The plasma where Parker gets close to the sun also whips around the star far faster than expected. Escaping plasma gets twirled off into space by the sun’s rotation. Researchers thought they’d clock that plasma’s lateral speeds at a few kilometers per second. Instead, they recorded speeds as high as 50 kilometers (30 miles) per second. “That’s really wild,” Kasper says.

Such high speeds might mean that researchers have to rethink how the sun — and all stars — evolve. As stellar winds spiral away, they carry with them rotational energy from the star. That gradually puts the brakes on its rotation. A faster wind spiral might mean stars spin down much faster than scientists thought, Kasper explains.

“This is really amazing, if true,” Zouganelis says. However, the researchers are not yet ready to rewrite the textbooks on stellar physics. These measurements need to be confirmed at lower altitudes. That is one of the many things Parker will watch for on future orbits, Kasper says.

Solving old mysteries

Parker has been busy raising new questions. But it also may have helped solve one mystery: the origin of the “slow” solar wind. The flood of particles from the sun is a blend of two flows. One moves up to twice as fast as the other. Researchers already showed that the fast flow originates near the sun’s poles. It flows through funnellike openings in the sun’s magnetic field. These openings are known as coronal holes. Now, Parker’s data suggest that the slow wind flows from small coronal holes near the sun’s equator.

“It hasn’t always been clear that coronal holes can generate the slow wind,” says Stuart Bale. “But now we can see this very clearly.” Bale is a mission scientist and a solar physicist at the University of California, Berkeley.

Parker cameras also caught magnetic “islands” forming. These tubes of plasma had been predicted. They are entangled in a nest of magnetic fields. Those magnetic fields cart energy and matter into space.
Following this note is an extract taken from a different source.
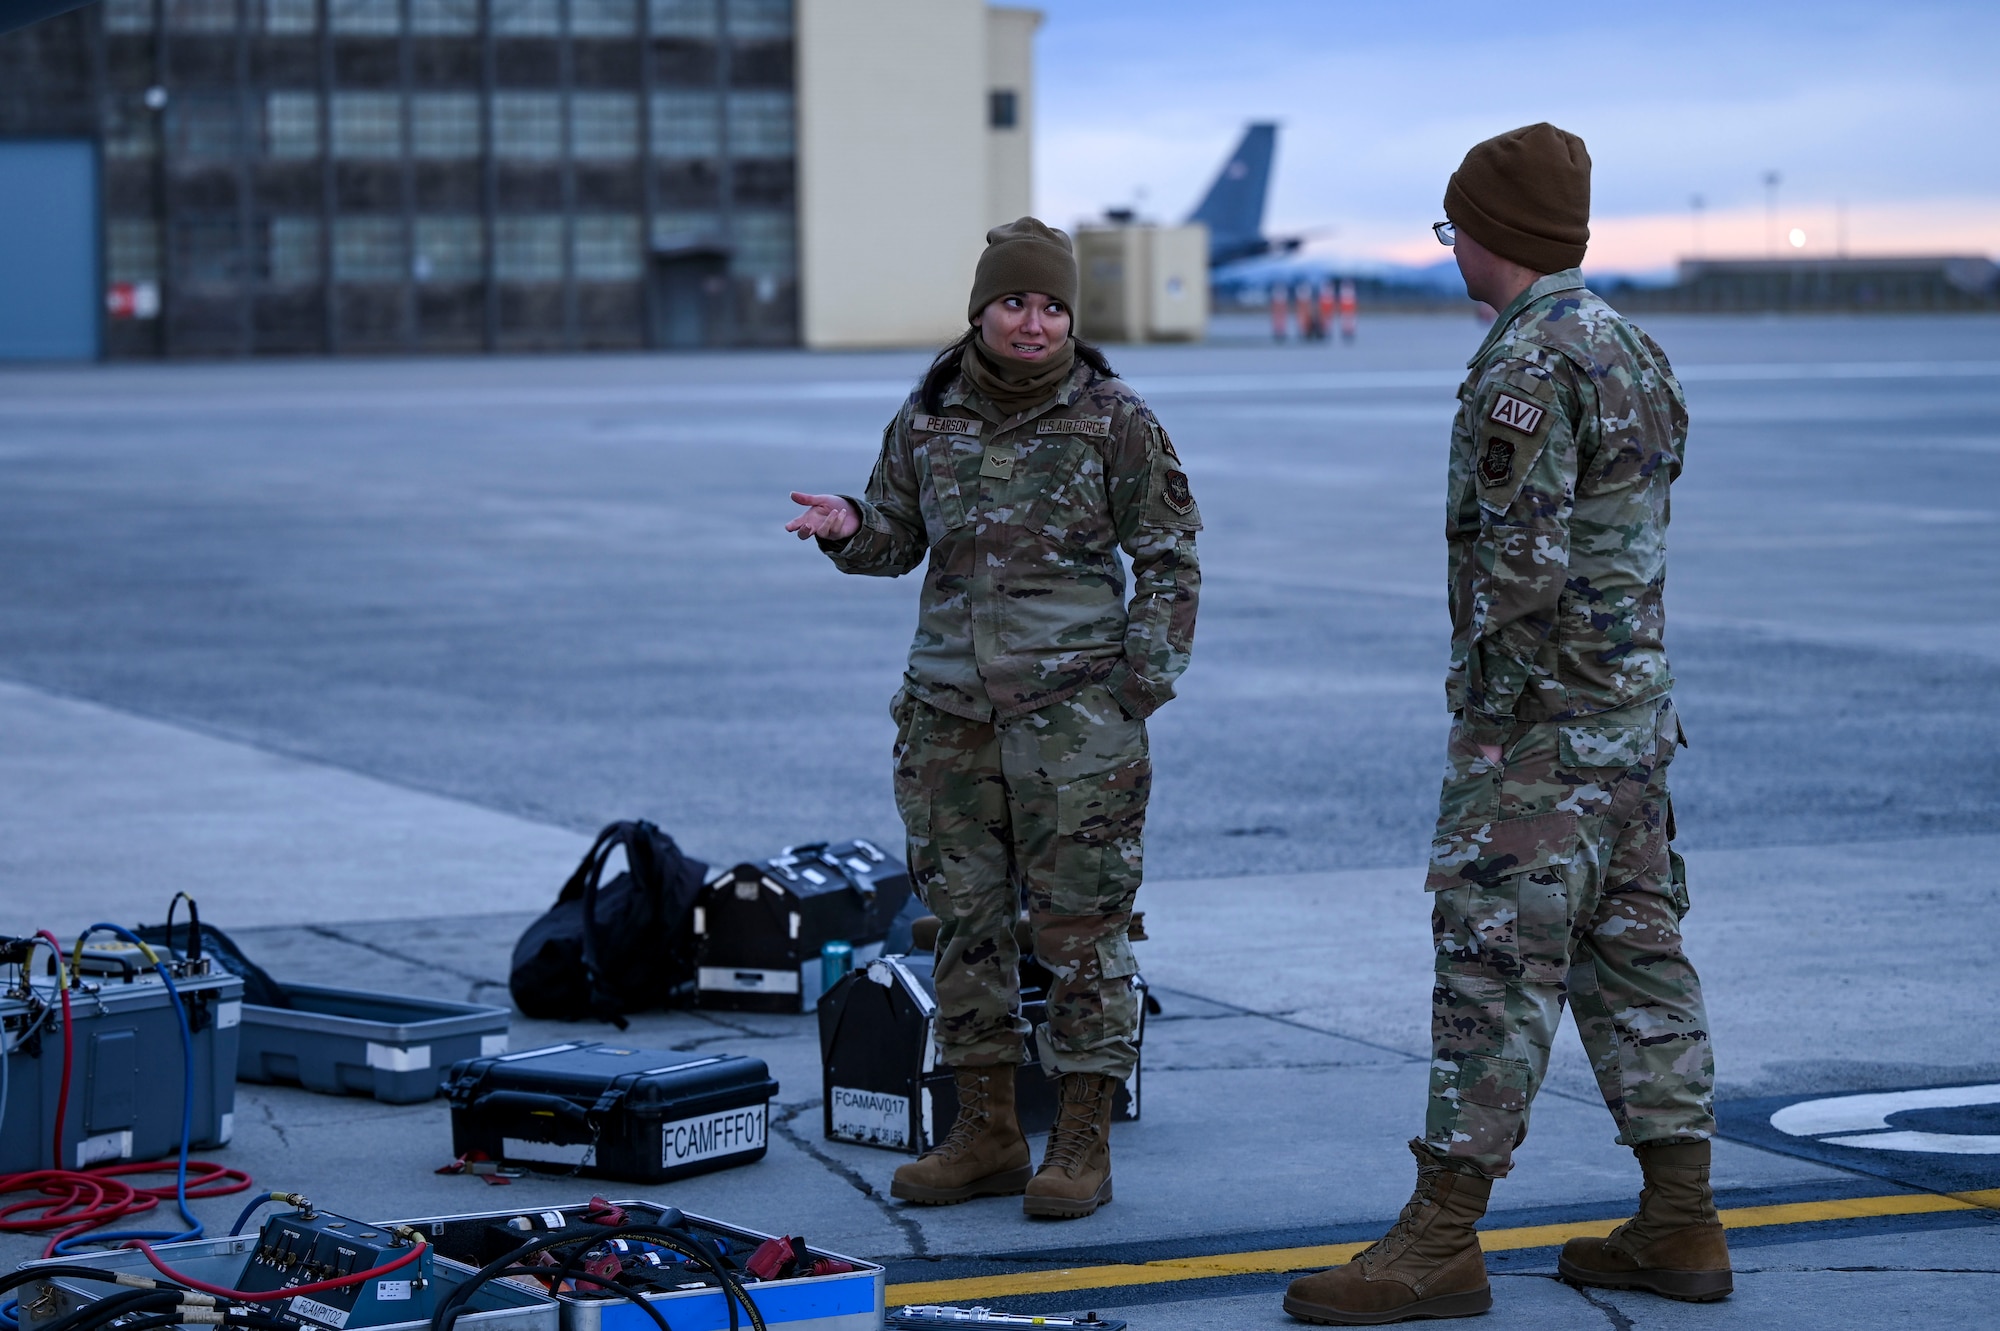 Airmen talk in front of an aircraft on the flightline.

The researchers think that they also may be seeing hints of a clearing in the interplanetary dust near the sun. They aren’t quite sure yet how it happens. But they are excited, since they’d thought it was there for decades.

The spacecraft recorded small bursts of energetic particles coming from the sun. These are mostly protons. The bursts might provide the seeds for more voluminous waves of particles. Such particle tsunamis are sometimes carried up as part of the solar wind, says David McComas. A solar physicist in New Jersey at Princeton University, he is in charge of one of Parker’s particle detectors. The smaller bursts had not been seen by any other spacecraft. That means Parker is getting an up-close view of particle acceleration that would otherwise have been missed. 

“We know that energetic particles come from the sun, but we seem to be seeing many more near the sun,” Browning says. “That tells us that particle acceleration might be much more common than perhaps we thought.”

More mysteries to come

That fire hose of information from Parker’s initial orbits is sure to keep researchers occupied for years to come. These new data have “created more questions than they answered,” Zouganelis says. “Most of all, these papers show that the instruments work really well, and we’ll have great measurements as they go closer to the sun.”

Parker’s next big maneuver is a series of 18 orbits. During these, the spacecraft will use the gravity of Venus to inch a little closer to the sun. Its last three orbits, starting in December 2024, will bring Parker even closer — to within just 6 million kilometers (3.7 million miles) of the sun’s surface. That’s more than seven times closer than any previous mission. And it will put all of Parker’s special protective technology to the test.

Nour Raouafi is confident in the solar probe’s future. He is Parker’s mission lead and works at the Johns Hopkins University Applied Physics Laboratory in Laurel, Md. “We’ll never see the solar wind the same way,” he says. “Parker is going to rewrite the textbooks for us.”